It is certainly true that Gulenko's views on what types are maximum energy, etc., wouldn't apply well to Ibrahim's diagnostic categories.  But to give that as the reason why Model G is wrong is literally no better than saying: I'm right, so you're wrong.  Or to put it even more simply, Ibrahim's criticism is no better than: "no u". The real salient issue, which Ibrahim never does anything but try to dodge, is why his model more inclusively, and with more fidelity, better takes into account the typological observations that you can make about people.

-Attempted Criticism 5: "That's a very brief take on the semantics — the details are really not that interesting and are addressed in the video."

Actually I find the details of Model G vastly more interesting than those of Model A. Who cares how "interesting" you personally find it?  But Ibrahim is simply wrong that the debate between Ben Vaserlan and Jack addressed almost any of the details of Model G.  I say that as one of the only 3 people in the entire Western World to have taken an actual class with Victor Gulenko on Model G.  In that debate between Jack and Ben, there was not significant discussion of:
-the properties of the functions in Model G
-the dimensions of the functions in Model G
-the relationships between the functions in Model G
-the meta functions
-the nature of the blocks
-how the functions apply to the types concretely

This just seems like another attempt by Ibrahim to dodge the work of making a real, constructive criticism.

-Attempted Criticism 6: "The real point of this post is the structural deficit which I pointed out and Jack later mentioned in the debate. It's very obvious if you look at Andrew's diagrams (and translate the names and numbers accordingly): As you can see here, some of the standard socionic dichotomies are presented asymmetrically in Model G. Gulenko apparently does not assign any meaning to the left and right sides of the model, he still uses the standard dichotomies such as strong/weak, etc., albeit with different names, as displayed on the right here. Strong/weak becomes "master/slave" and valued/subdued becomes "values/tools"."

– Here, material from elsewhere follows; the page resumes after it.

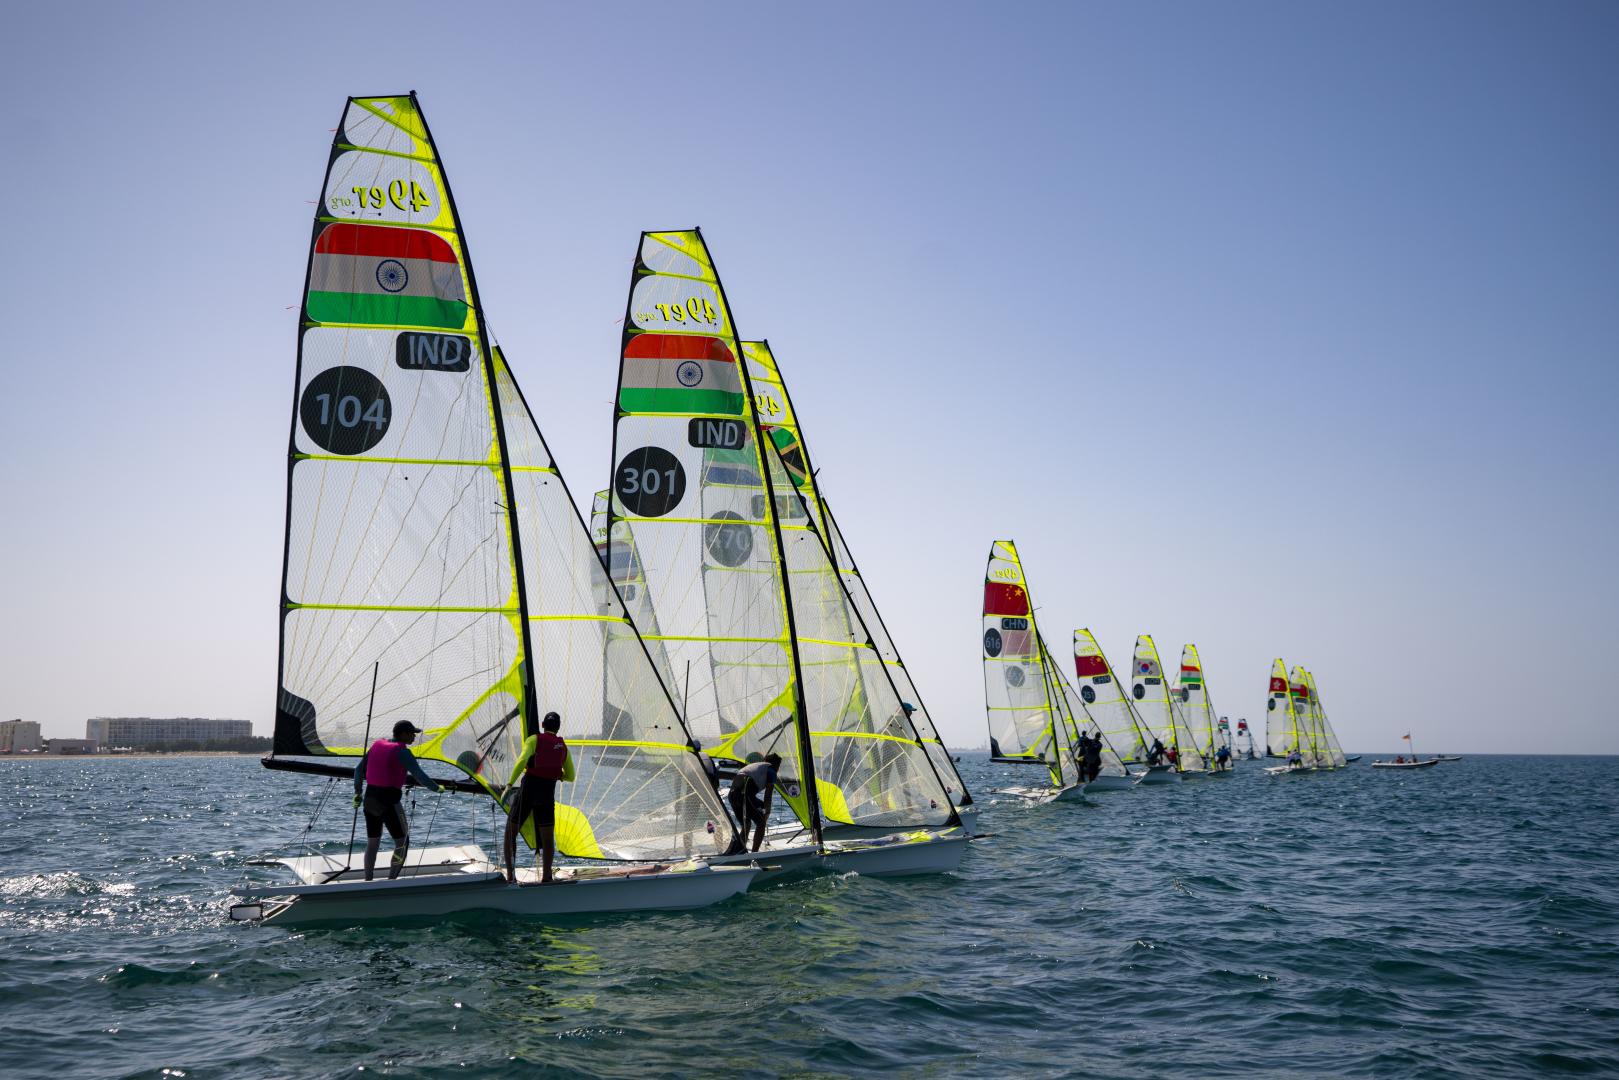 Mussanah Open Championship kicks off as Olympic hopefuls look to book their place in Tokyo

Again there is so much wrong with this, I have to wonder whether Ibrahim is even paying attention anymore.  First of all, he's technically wrong: while strong/weak does correlate to master/slave in that chart, valued/subdued DOES NOT correlate with values/tools (rather inert/contact correlates with values/tools, so he didn't even follow his own directions).  To demonstrate this much incompetence in a serious critique of Model G you'd have to be carelessly lazy since it just makes you look like you have no idea what you're talking about, but it may not amount to much in this case because Gulenko doesn't focus much on these Model G functional dichotomies.  He's proposed some semantics for them, but I don't think master/slave is a good name for example, and the semantics could certainly be refined since they aren't deeply connected to practice.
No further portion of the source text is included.